Training, Validation, and Test Sets

A machine learning dataset is usually divided into three parts: a training set, a validation set, and a test set. Each part has a different role. The training set is used to fit model parameters. The validation set is used to make design choices. The test set is used only for final evaluation.

This separation is necessary because a model can perform well on examples it has already seen while performing poorly on new examples. The purpose of evaluation is to estimate performance on unseen data, not to measure memorization.

Why We Split Data

Suppose we train a classifier on a dataset of images. During training, the model repeatedly sees the same examples. It may learn useful visual patterns, but it may also memorize accidental details in the training set.

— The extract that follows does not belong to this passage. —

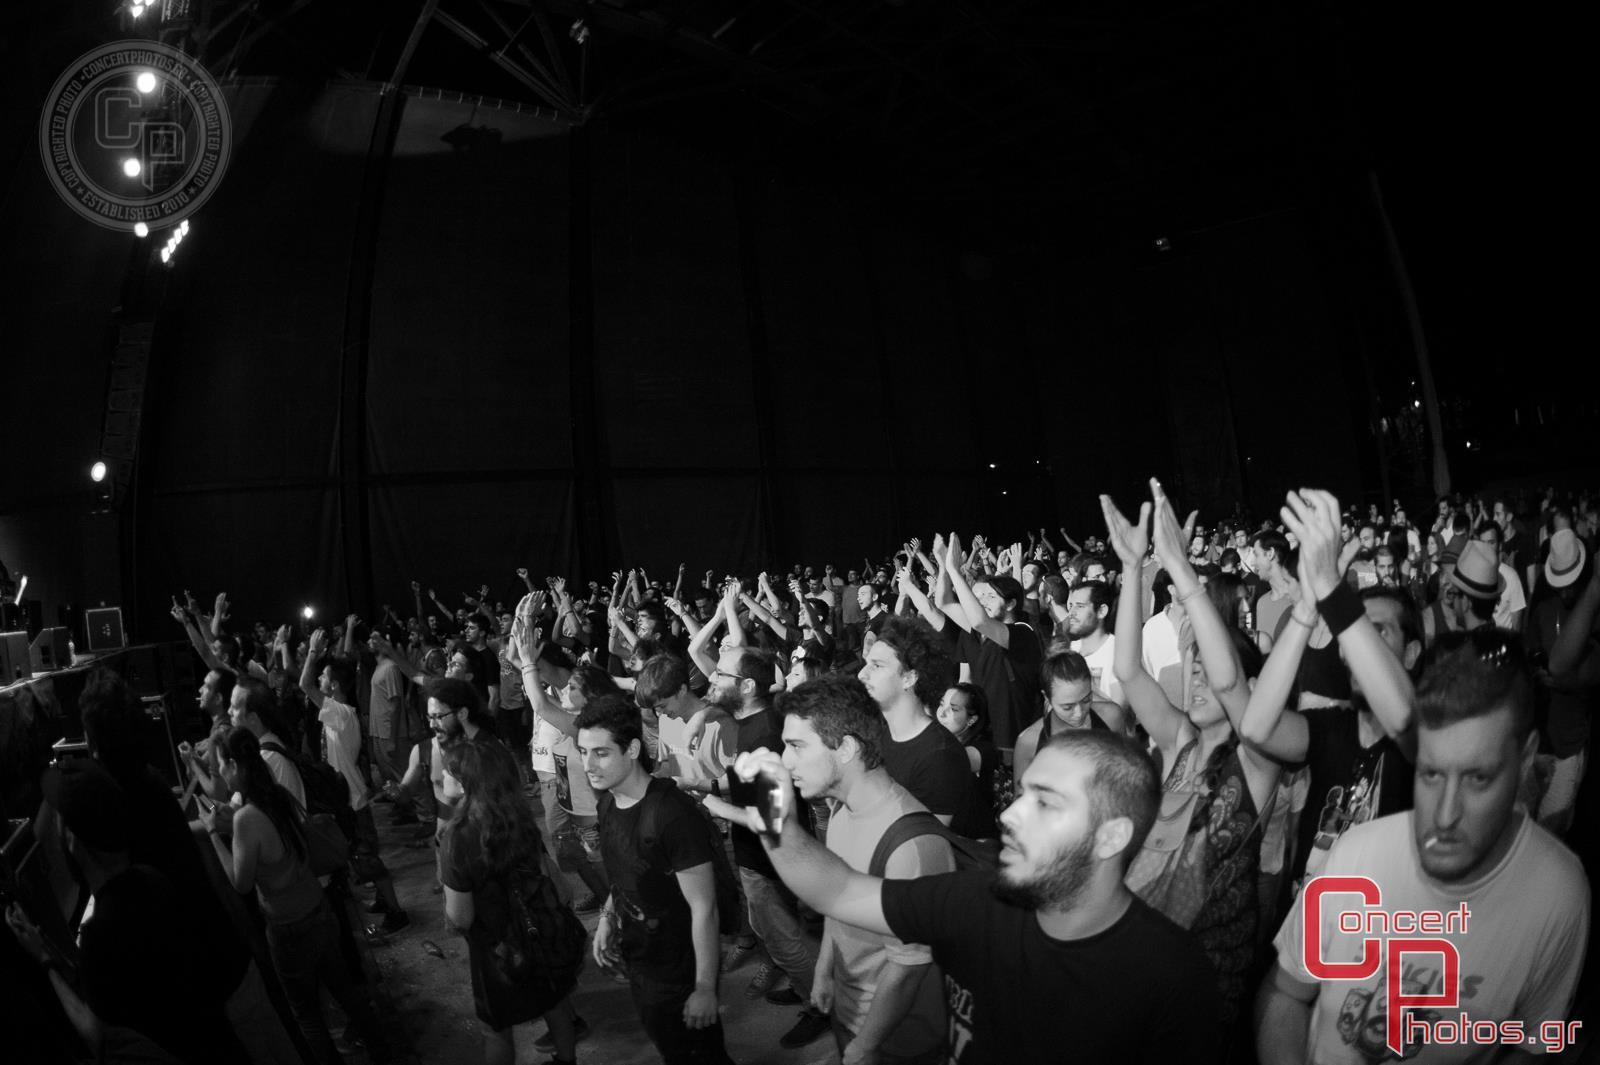 Rockwave 2014-Rockwave 2014 - Day 1 photographer:  - Rockwave-2014-149
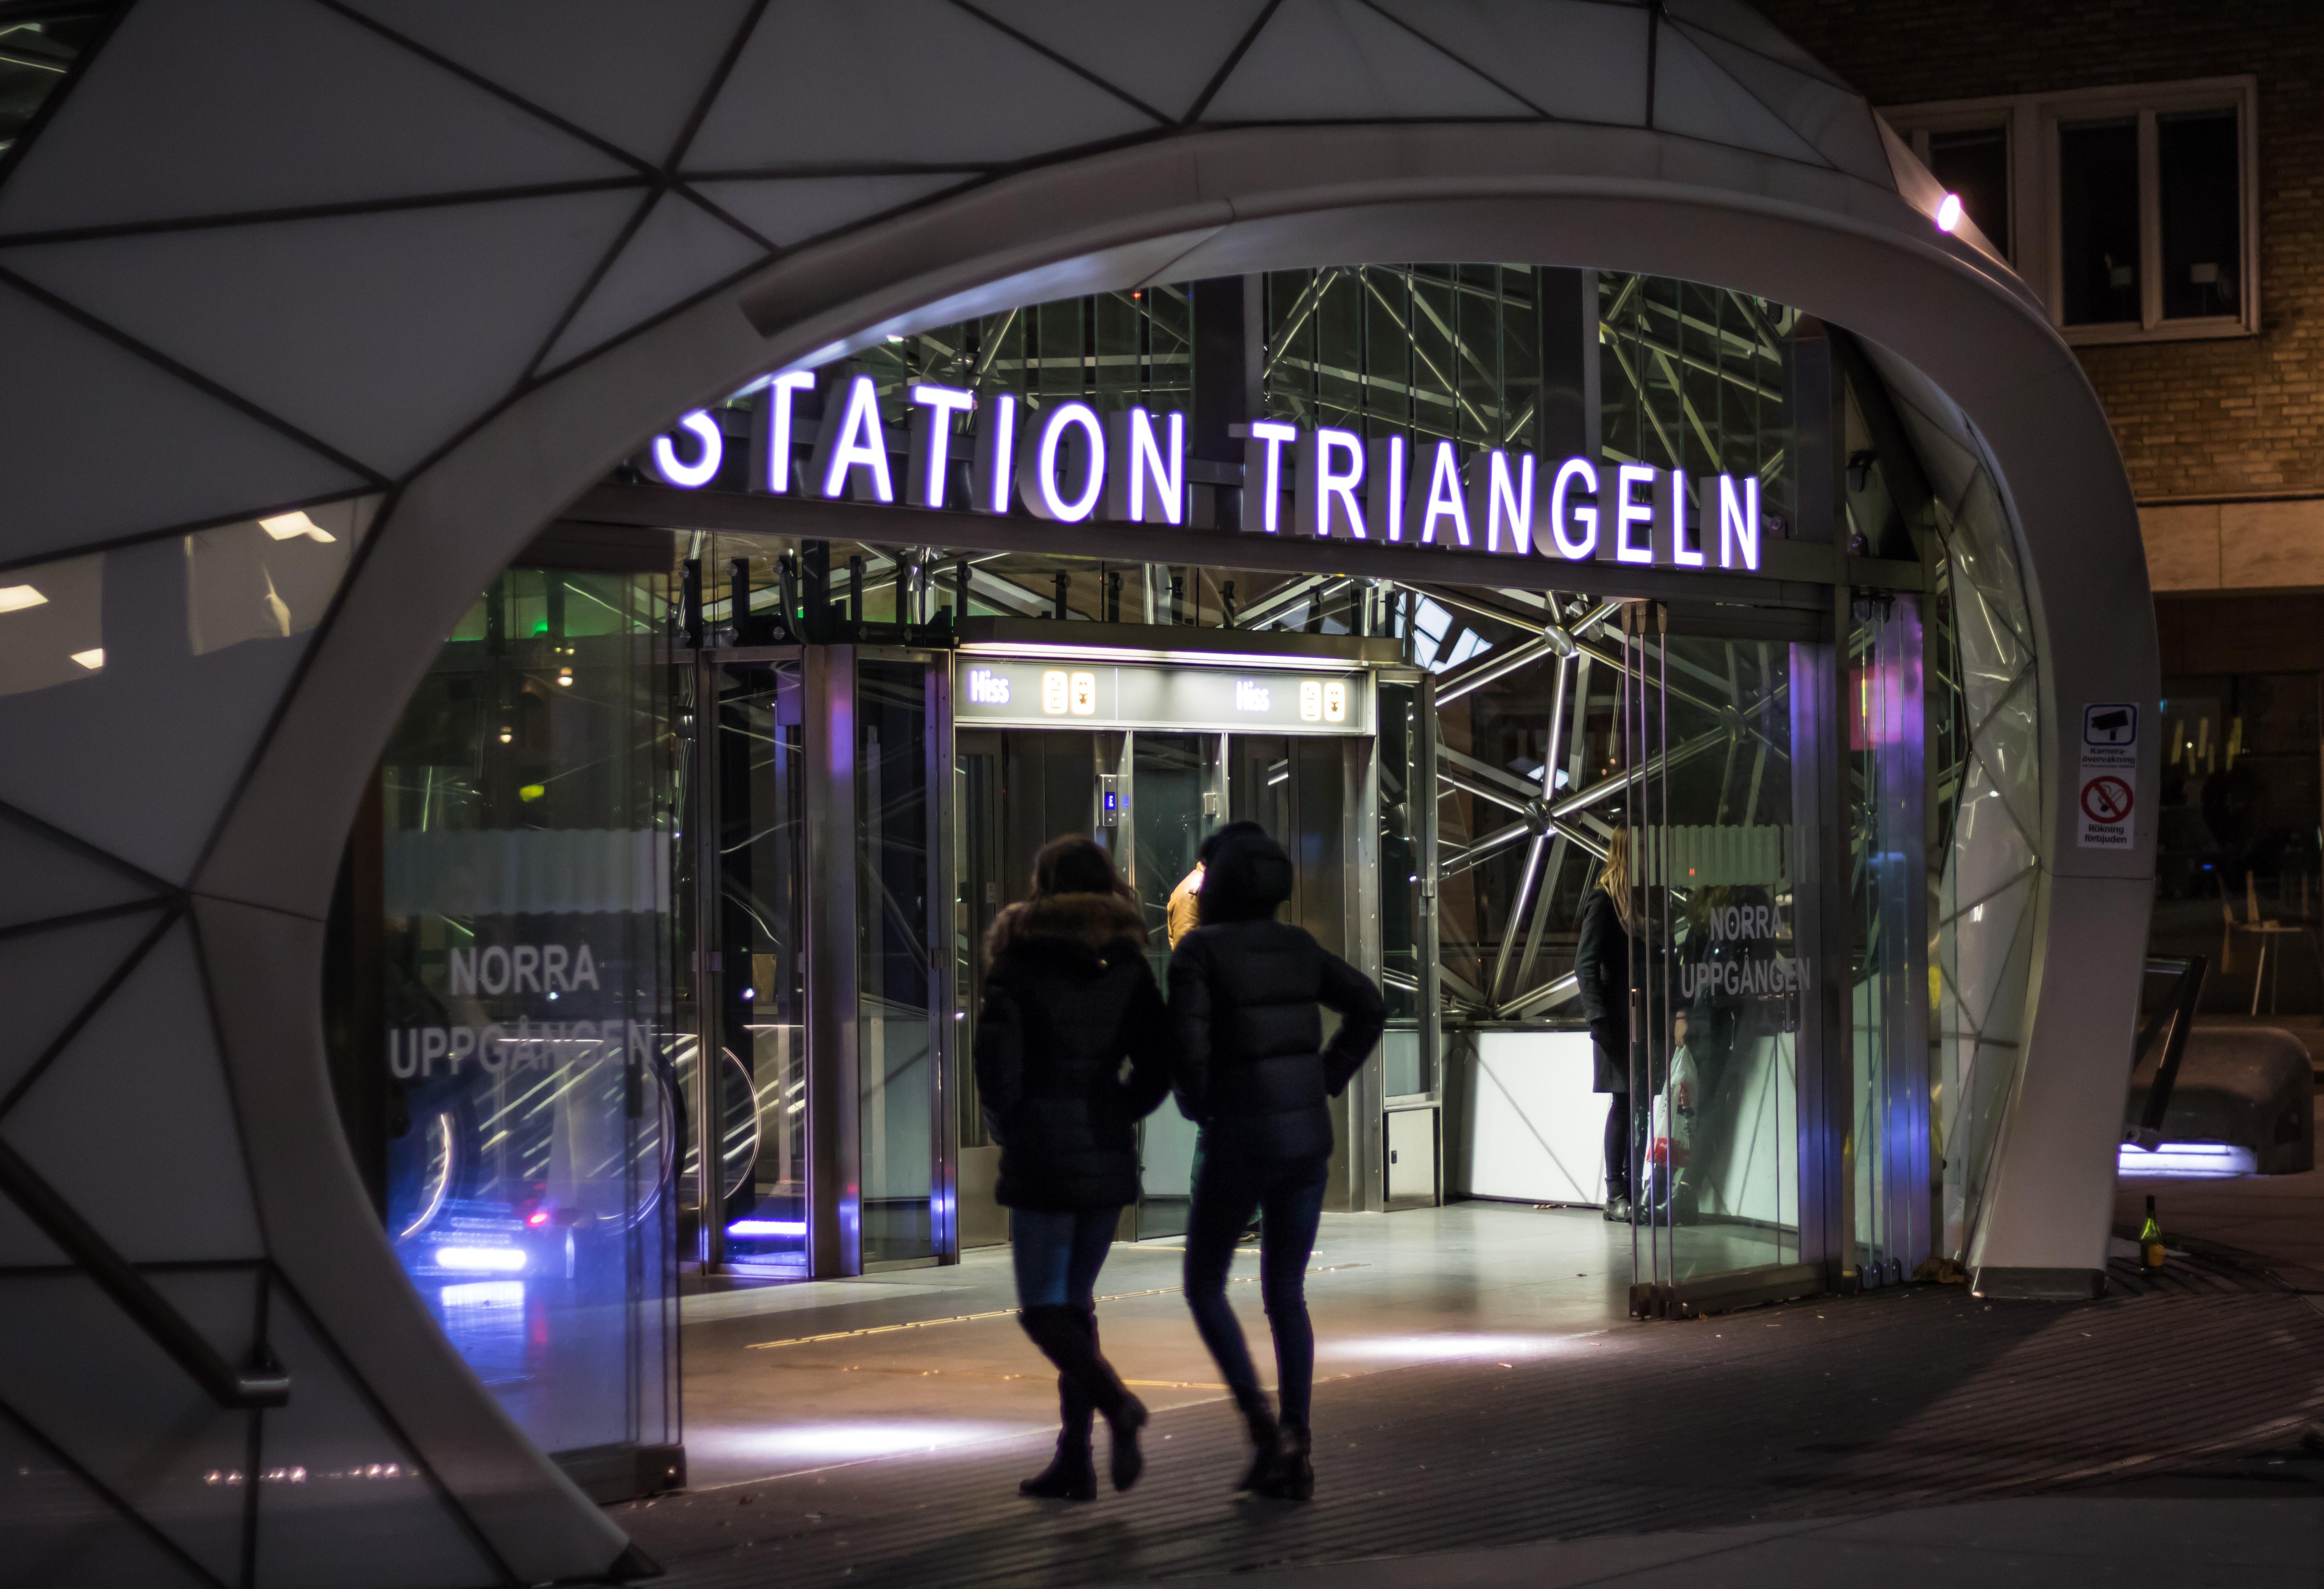 Wallpaper : night, infrastructure, station, trainstation, triangeln

If we evaluate the model only on the training set, the result can be misleading.

A separate evaluation set gives a better estimate of generalization. Generalization means performance on examples that were not used for fitting the model.

The standard split is:

Split	Used for	Should update model parameters?
Training set	Fit weights and biases	Yes
Validation set	Choose hyperparameters and model design	No
Test set	Final unbiased evaluation	No

The validation and test sets must be held out from training. They should represent the same problem distribution that the model will face after deployment.

Training Set

The training set is the part of the data used by the optimization algorithm.

Given training examples

\mathcal{D}_{\text{train}} = \{(x^{(i)}, y^{(i)})\}_{i=1}^{N_{\text{train}}},

the model minimizes empirical training loss:

\hat{\mathcal{R}}_{\text{train}}(\theta) = \frac{1}{N_{\text{train}}} \sum_{i=1}^{N_{\text{train}}} L(f_\theta(x^{(i)}), y^{(i)}).

During backpropagation, gradients are computed from training batches only. The optimizer updates model parameters using these gradients.

In PyTorch:

model.train()

for x_batch, y_batch in train_loader:
    optimizer.zero_grad()

    logits = model(x_batch)
    loss = loss_fn(logits, y_batch)

    loss.backward()
    optimizer.step()

The call model.train() puts certain layers into training mode. This matters for modules such as dropout and batch normalization.

Validation Set

The validation set is used during model development, but not for direct parameter updates.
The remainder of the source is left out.